To wyjątkowo przyjazny naród, ludzie są uśmiechnięci, uprzejmi, nadzwyczaj otwarci na rozmowę. W większości mówią także po angielsku, bo Oman to byłe terytorium zależne Wielkiej Brytanii. Związki z Londynem widać tu zresztą na każdym kroku. Jest tu bardzo bezpiecznie (sułtanat jest państwem policyjnym) i czysto. W kraju obowiązuje całkowity zakaz sprzedaży alkoholu, co dla polskiej grupy było nie do pomyślenia i kontrolowany jest internet: nie działa ani Skype, ani MSN. Dziękować Allahowi, Facebook hula bez zakłóceń. Kiedy chce się otworzyć jakąś zakazaną witrynę wyświetla się komunikat: "Ta strona została zablokowana, ponieważ prezentuje treści sprzeczne ze społecznymi i kulturowymi prawami sułtanatu.

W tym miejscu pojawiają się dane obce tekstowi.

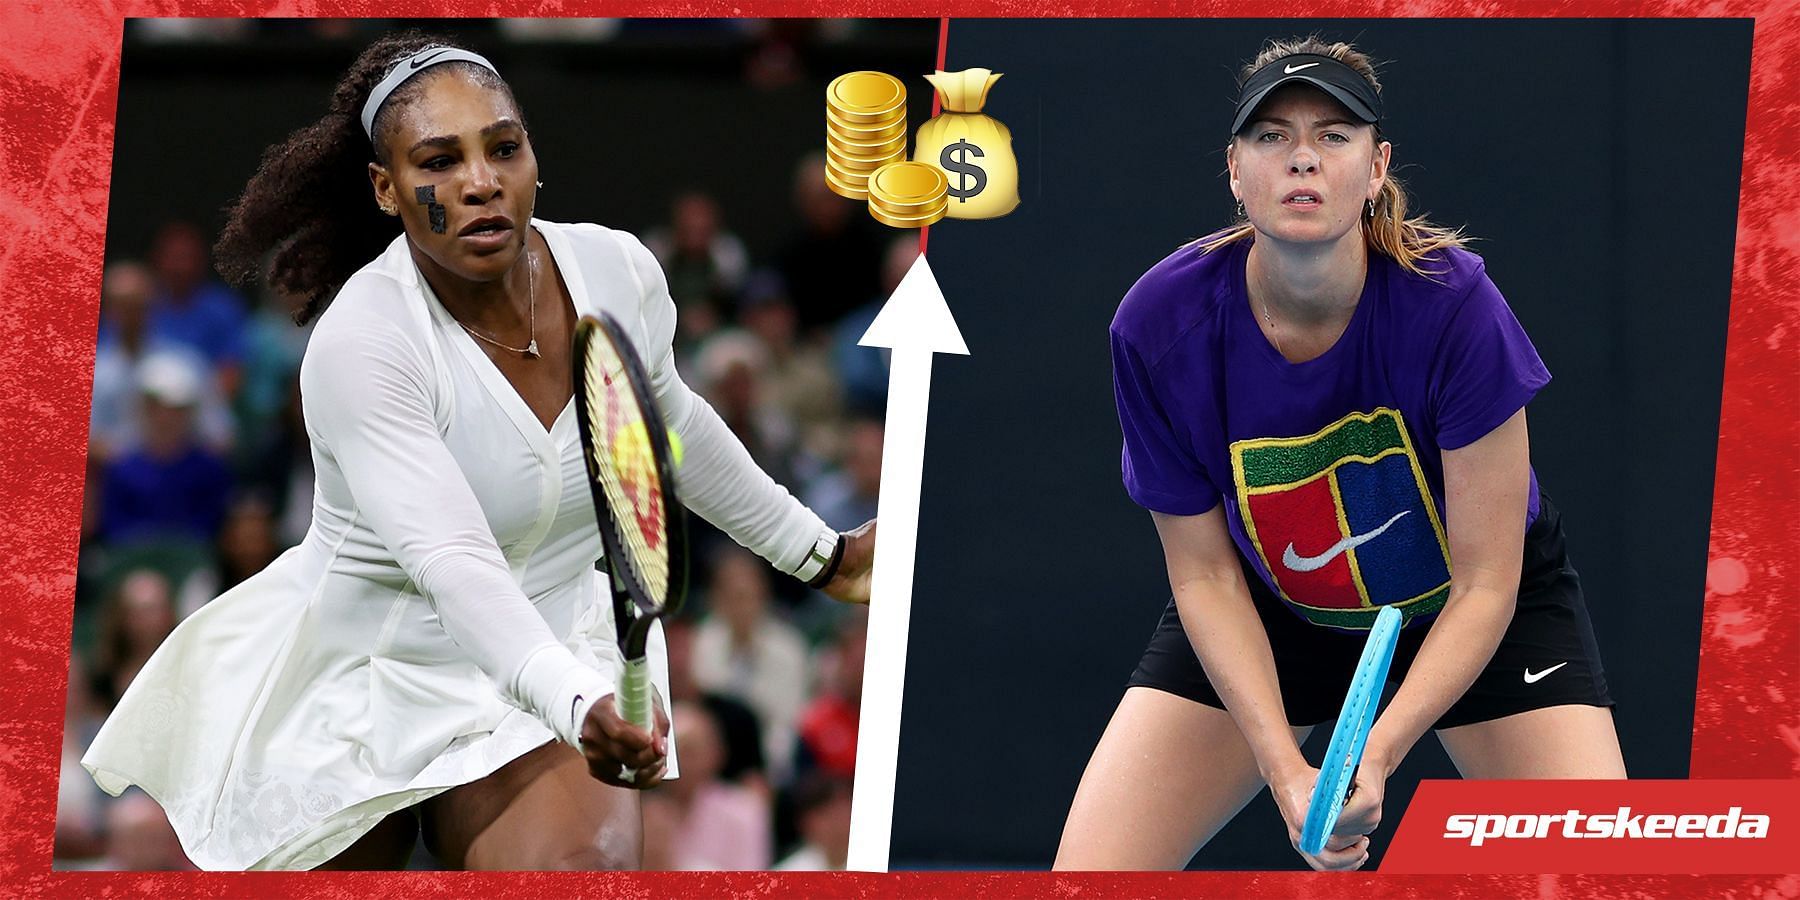 Top 5 career prize money leaders on the WTA tour ft. Serena Williams

Jednakże, jeśli uważasz, że strona, na którą chcesz wejść, nie zawiera takich treści, wypełnij poniższy formularz i wyślij go nas". Wysłanie takiego mejla, byłoby równoznaczne ze złożeniem na siebie donosu, więc skrzynki mejlowe królewskich służb nie pękają raczej w szwach. W kraju rozwiązany jest też dość radykalnie problem mody i zbędnego szopingu. Obowiązują tradycyjne stroje. Ma to swój urok, ale mnie się na przykład nigdy nie udało odnaleźć kierowcy busa, który jeździł między hotelem, a operą. Powód był prozaiczny. Wszyscy tu wyglądają tak samo. Kobiety, choć okutane od stóp do głów, mogą się malować. I widać na wielu twarzach, że to jest ich jedyna forma wyjścia poza uniformizację. Makijaże są często bardzo mocne. I "bardzo mocne" to określenie dość dyplomatyczne.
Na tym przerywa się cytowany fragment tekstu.